Well, large documentation projects have their own "life cycle." This cycle extends from conception to obsolescence.
When you develop large-scale documents, you'll typically iterate through the following:
1. Requirements. Includes definition, statement of goals, preliminary analysis, functional specifications, and design constraints.
2. Design. Includes outline definition, format definition, etc.
3. Implementation. Requires writing, editing, integration of various components, and proofing.
4. Testing. Includes verification and evaluation against the requirements.
But wait! There's another phase I call Documentation Maintenance! It begins after you deliver your documentation to your user.
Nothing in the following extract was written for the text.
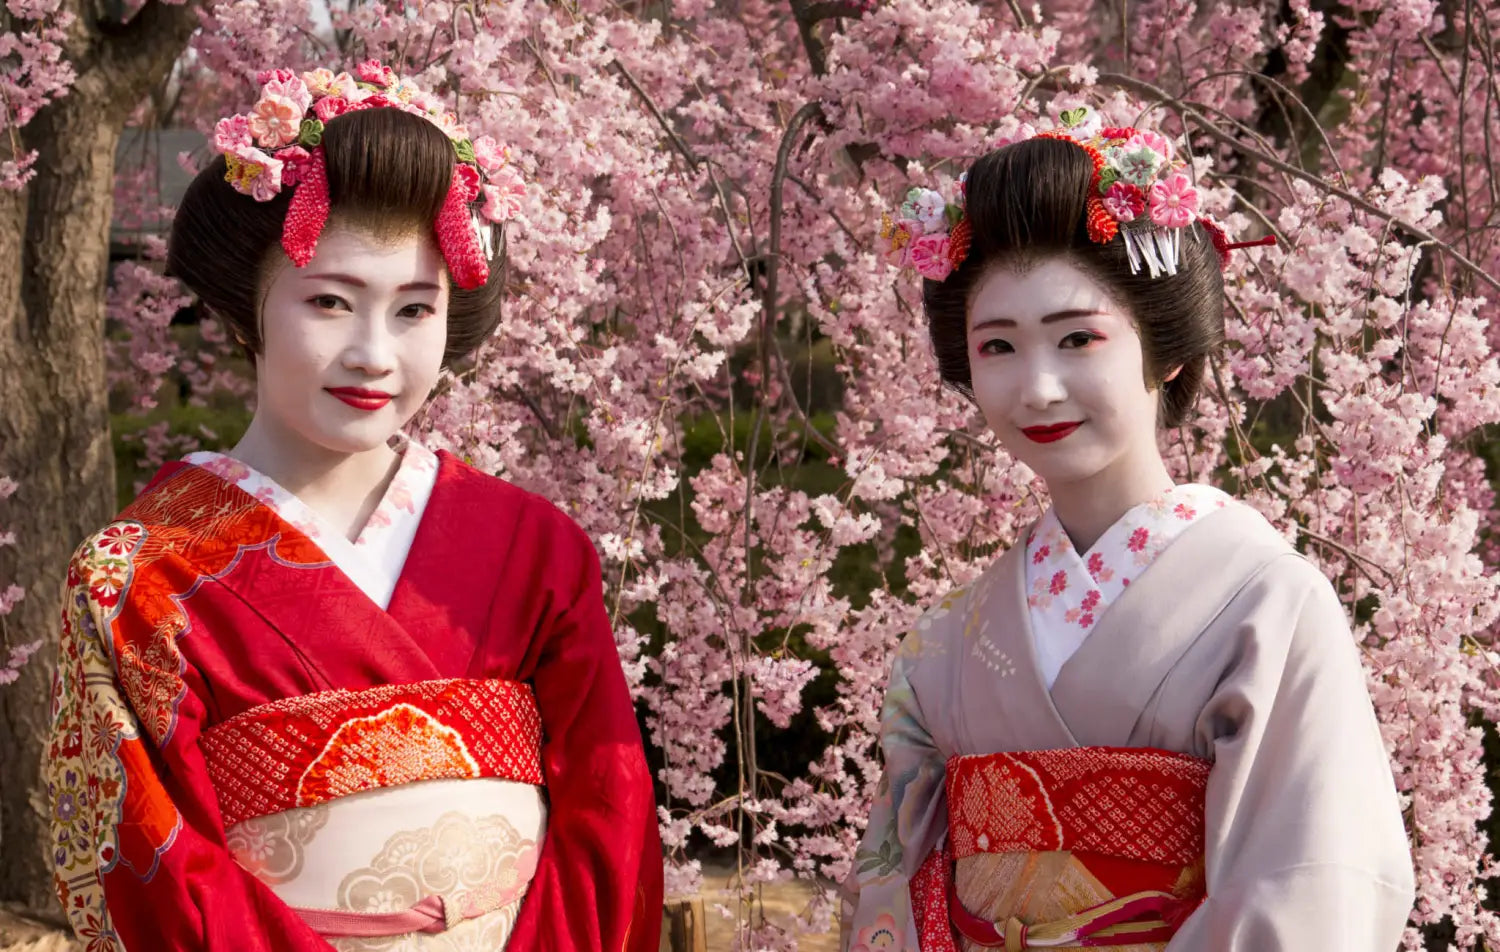 Les geishas japonaises: une tradition millénaire

You can divide Documentation Maintenance into the following steps:
- Determine need for change
- Submit Change Request
- Review Proposed Changes
- Analyze requirements
- Approve/Reject Change Request
- Schedule task(s)
- Review and Analyze Design
- Write and Edit
- Test
- Verify against Standards
- User Acceptance
In these steps, I outline the maintenance process, which begins when someone needs a change and ends when your user accepts your changes.
As you can imagine, changing documentation is frequently complex and may involve many people.
For example, imagine the task of updating documentation for applications in complex electronics, aerospace, law, medical, insurance, etc. Or, how about updating flight-prep manual for a commercial airliner?
The maintenance process above appears linear. But again, you'll undergo many steps and iterative loops.
For example,
You may need to clarify the Change Request.
You may require more analysis of the Design Reviews.
You may need to rewrite your Standards Audit.
Your users may fail to accept the results, etc.
Someone, the "Maintainer(s)" must do the work.
This Maintainer must make changes within the context of the existing documentation. Maintenance people often find this the most challenging problem.
The older the documentation, the more challenging and time-consuming the maintenance effort. But normally, maintenance takes you less time than development.
Your development effort may span several months. You may schedule PERFECTIVE maintenance in cycles of one to six months. But, you may require CORRECTIVE maintenance within hours.
Functionally, you can divide documentation maintenance activities into three categories:
PERFECTIVE,
ADAPTIVE, and
CORRECTIVE.
Let me explain...
PERFECTIVE MAINTENANCE
"Perfective maintenance" is when you make changes, insertions, deletions, modifications, extensions, and enhancements to improve understandability or maintainability.
You generally do Perfective maintenance because you have new or changing requirements, or you may need to fine-tune the documentation.